Study uses cord blood stem cells in hearing loss treatment
When children fall and scrape their knee, their body begins an amazing repair process. Blood coagulates to form a protective cover and skin cells begin to regenerate. Add a kiss and a bandage and the knee is usually completely healed within a week or two. But what happens if that child is born with a more severe problem – such as a heart defect or hearing loss? As amazing as the human body can be, sometimes its natural healing process needs a little help to get started.
That's the impetus behind a study using umbilical cord blood to treat hearing loss in children. Florida Hospital for Children and Cord Blood Registry (CBR) are launching a FDA-regulated, Phase 1 safety study of the use of cord blood stem cells to treat children with sensorineural hearing loss.
Researchers are currently in the enrollment phase of the study. Ten children between the ages of 6 weeks and 6 years old will be treated using their own stored umbilical cord blood. Patients will receive one intravenous infusion of their own umbilical cord blood stem cells and return for follow-up at one month, six months and one year post-treatment.
Children with genetic deafness are ineligible for study participation. More information on study enrollment and criteria can be found at https://www.cordblood.com/stem-cell-research/cord-blood-research/hearing-loss
According to the Center for Hearing and Communication, approximately 3 million children in the United States have a hearing loss; 1.3 million of them are under the age of three. Children with sensorineural hearing loss experience problems or deformities with the cochlea (sensory) or the hearing nerve (neural) due to illness, birth defects, medication, noise or head trauma.
Although hearing aids and cochlear implants are effective means of treating sensorineural hearing loss in both children and adults, these instruments do not repair damaged hearing. If successful, cord blood stem cell treatment could repair the damage, leading to improved speech and language skills, social interaction, and cognitive learning abilities for children with acquired sensorineural hearing loss.
Researchers learned the benefits of using cord blood in 1988 when the first sibling-donor cord blood transplant was performed for a five-year-old child with Fanconi anemia. In 2002, they began exploring stem cells' ability to help the body heal itself. By 2005, clinical trials were in place to investigate newborn stem cell therapies for damaged tissue. Today, more than one million people have benefited from stem cell treatment for more than 80 different diseases.
Cord blood stem cells have documented success in treating leukemia, Multiple Sclerosis, Rheumatoid Arthritis, Hodgkins disease and Non-Hodgkins lymphoma to name a few.
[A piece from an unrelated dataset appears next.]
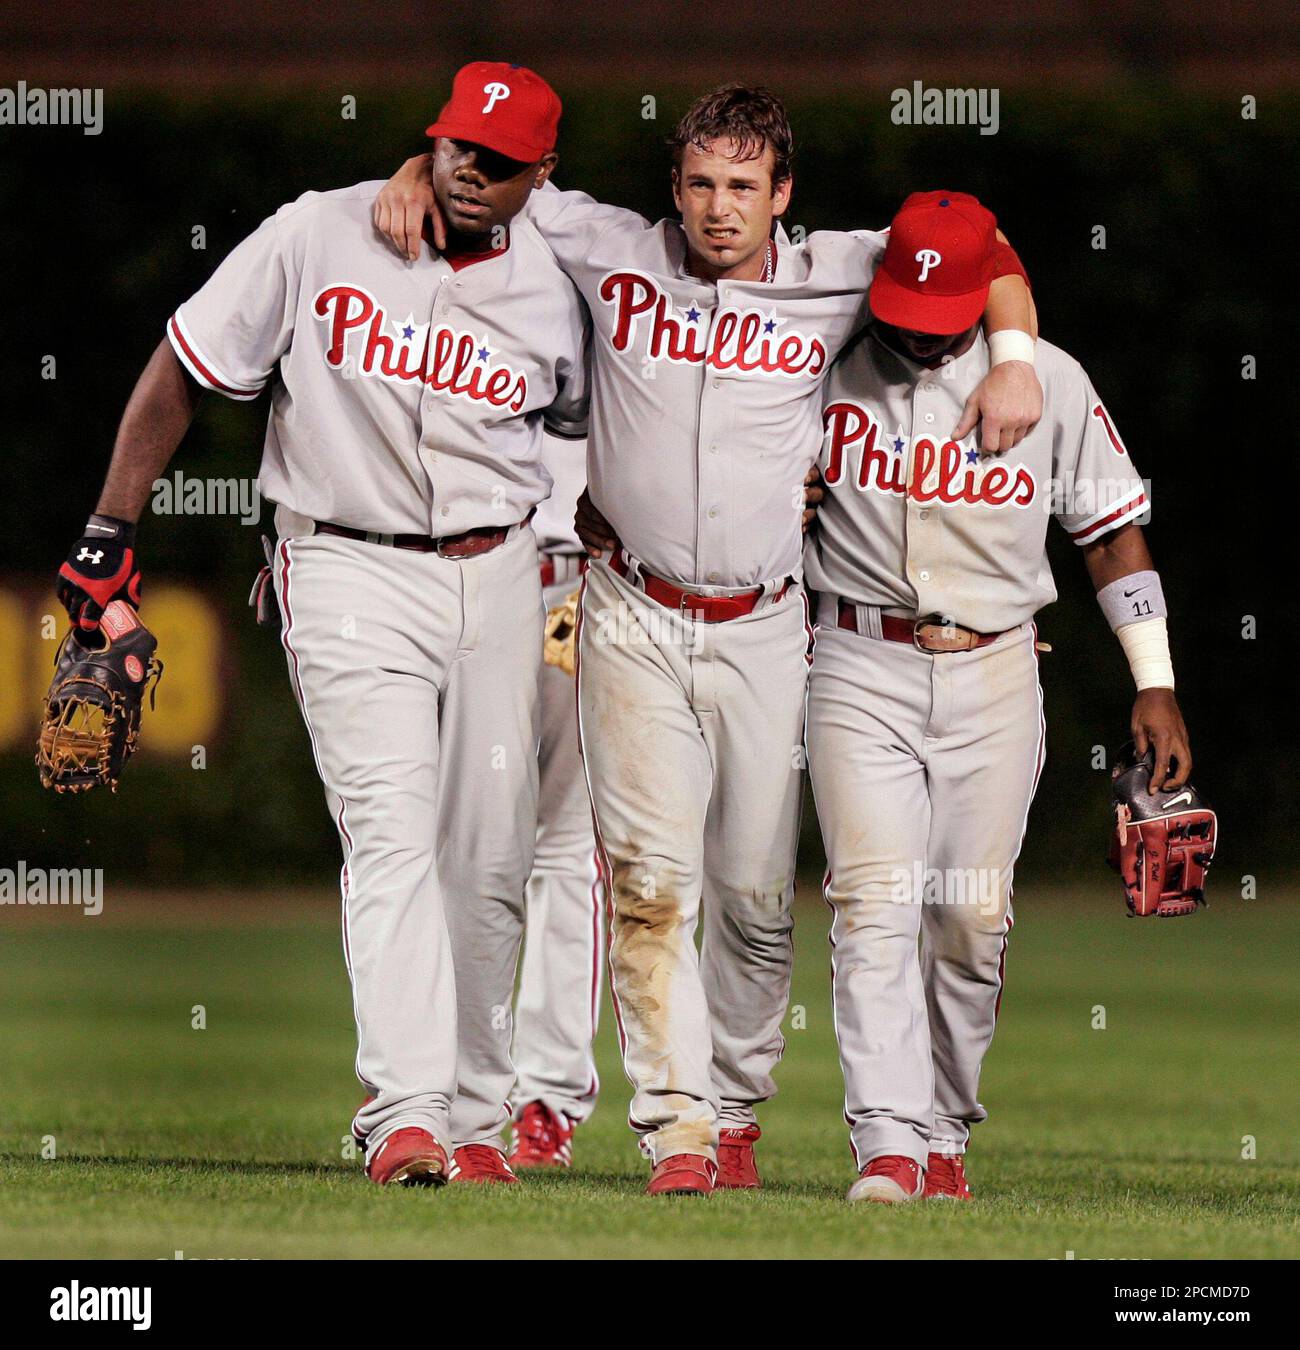 Philadelphia Phillies center fielder Aaron Rowand, center, is helped off  the field by teammates Ryan Howard, left, and Jimmy Rollins, right, after  colliding with second baseman Chase Utley while chasing a fly

Researchers are hopeful cord blood will eventually be effective in the treatment of AIDS, heart disease, Alzheimer's, Parkinson's disease, spinal cord injury and stroke.
What makes stem cells so desirable? Stem cells are considered the body's "master cells" because they have the ability to create the different types of cells that make up human organs, blood, tissue and immune system. Stem cells, typically found in bone marrow and fat tissue, have the ability to divide and develop into any of the three main types of cells found in the blood: red blood cells, white blood cells and platelets.
Although cord blood stem cells have the same capacity as stem cells found in other parts of the body, there is less of a risk for transmitting infectious disease or being rejected by the host. They are also much easier and safer to collect.
Cord blood stem cells are different from the controversial embryonic stem cells, which require the destruction of a human embryo to obtain. Cord blood is collected with no risk to the mother or child and can be frozen and stored for many years. More than 200 hospitals actively collect cord blood from babies (with mother's consent).
Parents must make the decision to collect and store their baby's newborn stem cells immediately after birth. After the umbilical cord has been clamped and cut, the remaining blood in the umbilical cord is drawn into a collection bag. Costs include $2,000 for the procedure and approximately $125/year to store the baby's core blood. Parents may also choose to donate their cord blood to public storage banks. The American Academy of Pediatrics encourages public cord-blood donations; however, opposes private banking in most cases.